I don't think it is, Salim, but I'll invite Dave to... Yes. So, Salim, yeah. Propolis, I think, has nothing to do with that. What you're seeing is the natural evolution of a portfolio based on emerging data, and we will expect that to, you know, be shaped going forward based on emerging data, of course. And some of the changes we announced today are strategic choices that we had teed up, that we anticipated making, and we think it's a prudent portfolio management to make those choices. Let me call out the MCL1 program's in particular, where we have elected to move forward with the IV formulation. Again, we had anticipated we would choose among those molecules, and given our ability to more precisely control exposures and achieve a therapeutic window in collaboration with our investigators, we made that decision, and we're moving through dose escalation after reinitiation of that program. So, no specific conscious choices based on hematology versus solid tumors and more shaping to come as data emerges.

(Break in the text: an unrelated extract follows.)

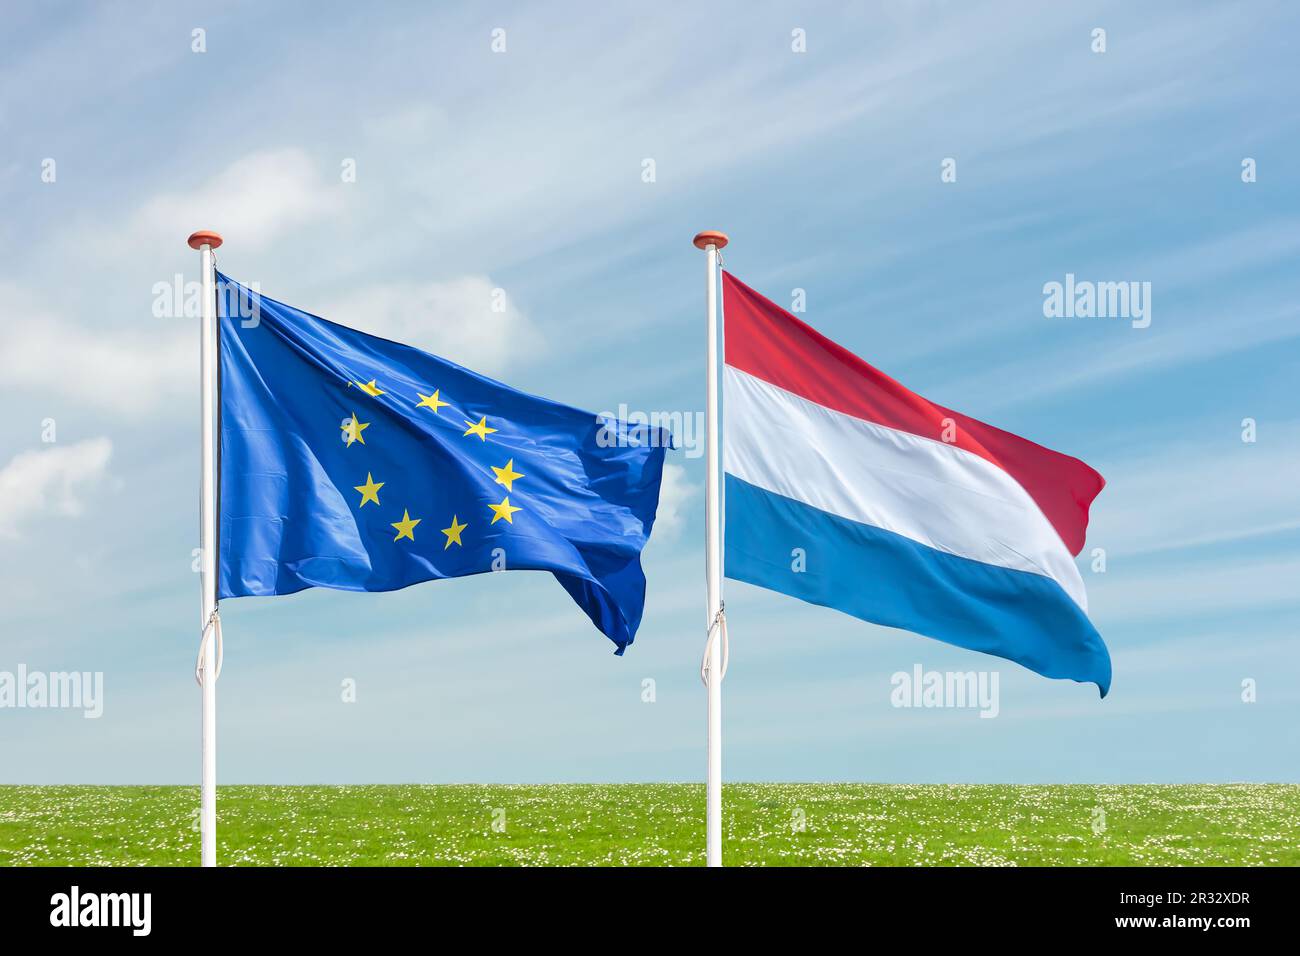 Waving flags of the European Union and The Netherlands in front of a grass meadow with blooming flowers and blue sky Stock Photo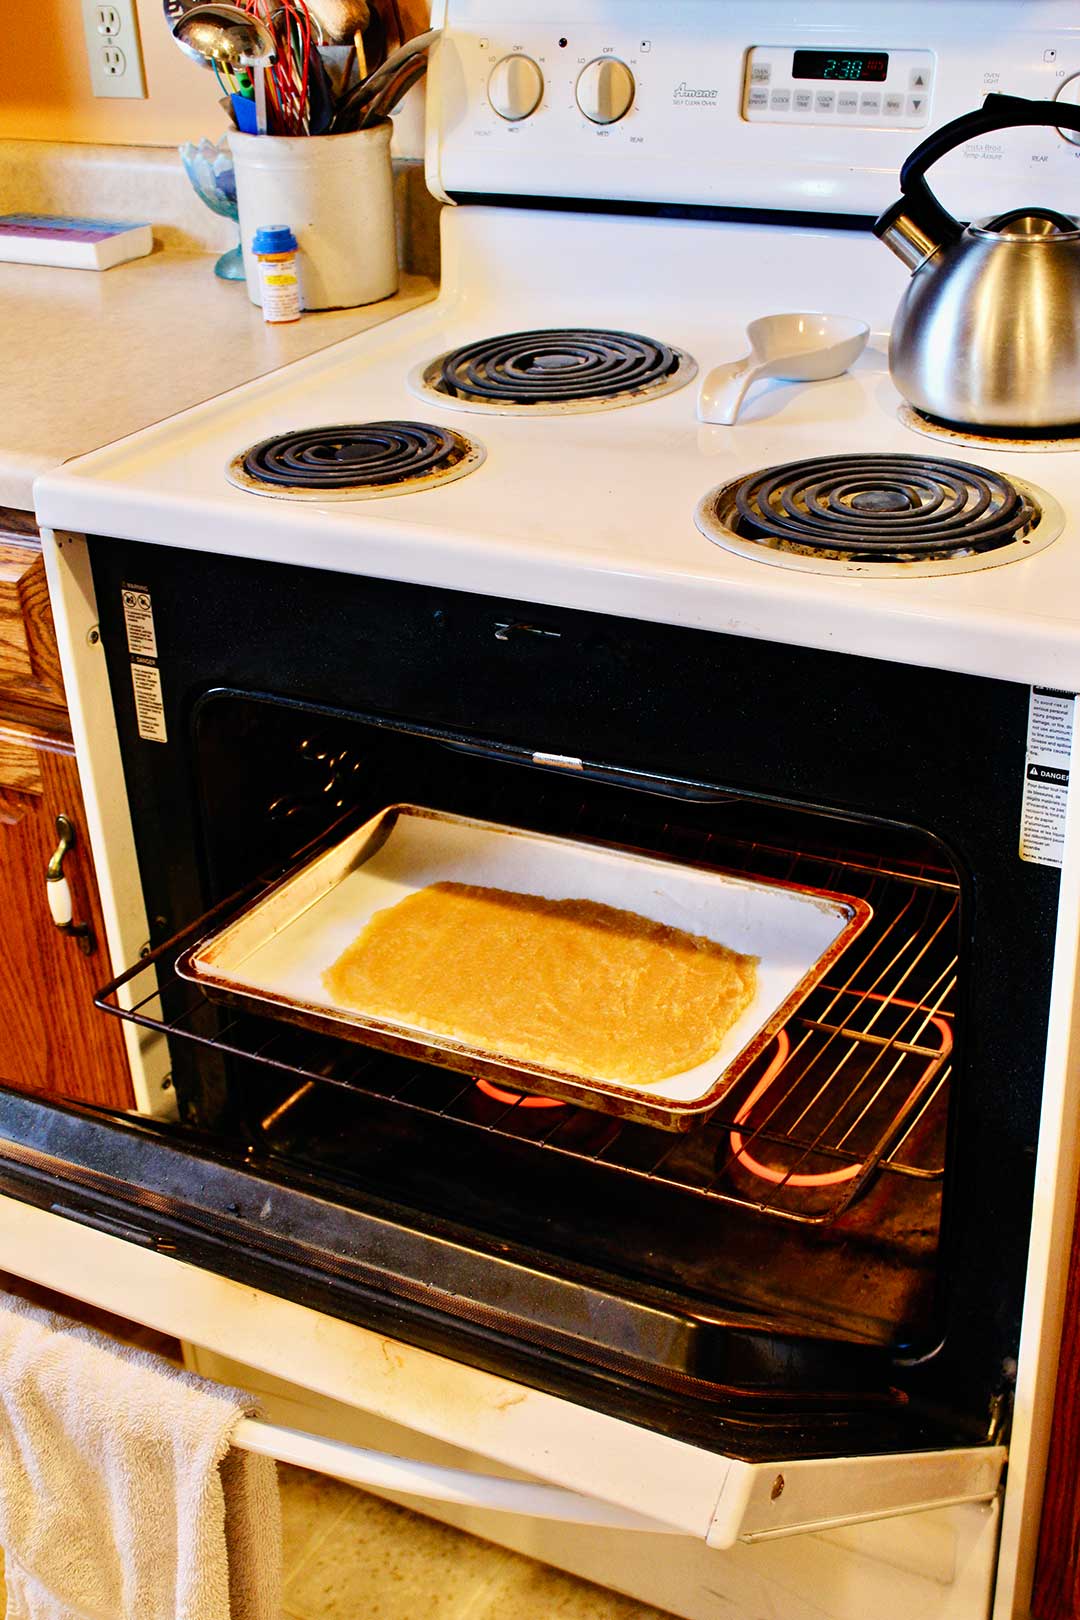 Image of the inside of an oven with a cookie sheet of pureed fruit ready to be baked.

Okay, great. Thanks so much. So, Liam, I would just jump in and say, you know, we had a strong quarter on Kyprolis in the fourth quarter, given the approval of Candor and our first full quarter promoting it. And we expect to be able to do a nice job of making – heme-onc specialists around the world aware of those data in combination with daratumumab. So more growth to come on Kyprolis, and it's a good story now. Great. Thank you.
Your final question is from Tim Anderson with Wolf Research.
Hi. This is Andrew Galler on for Tim. Thanks for taking my question. Just thinking about cedar acid in Europe, Given the EMA typically has a higher threshold for approval for single-arm studies, could you describe your degree of confidence you'll be able to get approved on this 37% response rate in 10-month DOR?
Yeah, sure. Let me take that question. You know, we filed in the EU. Obviously, we've got ongoing discussions. We'll provide guidance at the appropriate time. We don't speculate on likely timelines or probabilities in terms of regulatory approvals, but I think it is fair to say that regulators around the world do recognize the large unmet medical need in patients with G12C mutations after first-line therapy, and that certainly will be the focus of the discussion going forward.
Okay, thank you.
Okay, well, thank you. Again, apologies for the fact that we went about 12 minutes over tonight, but we did want to get to all of your questions. So, thank you for your interest. your support of the company, and we look forward to seeing you or being back together with you after the end of the first quarter. Thank you. Thanks, everybody.
Ladies and gentlemen, this concludes Amgen's fourth quarter 2020 financial results conference call. You may now disconnect.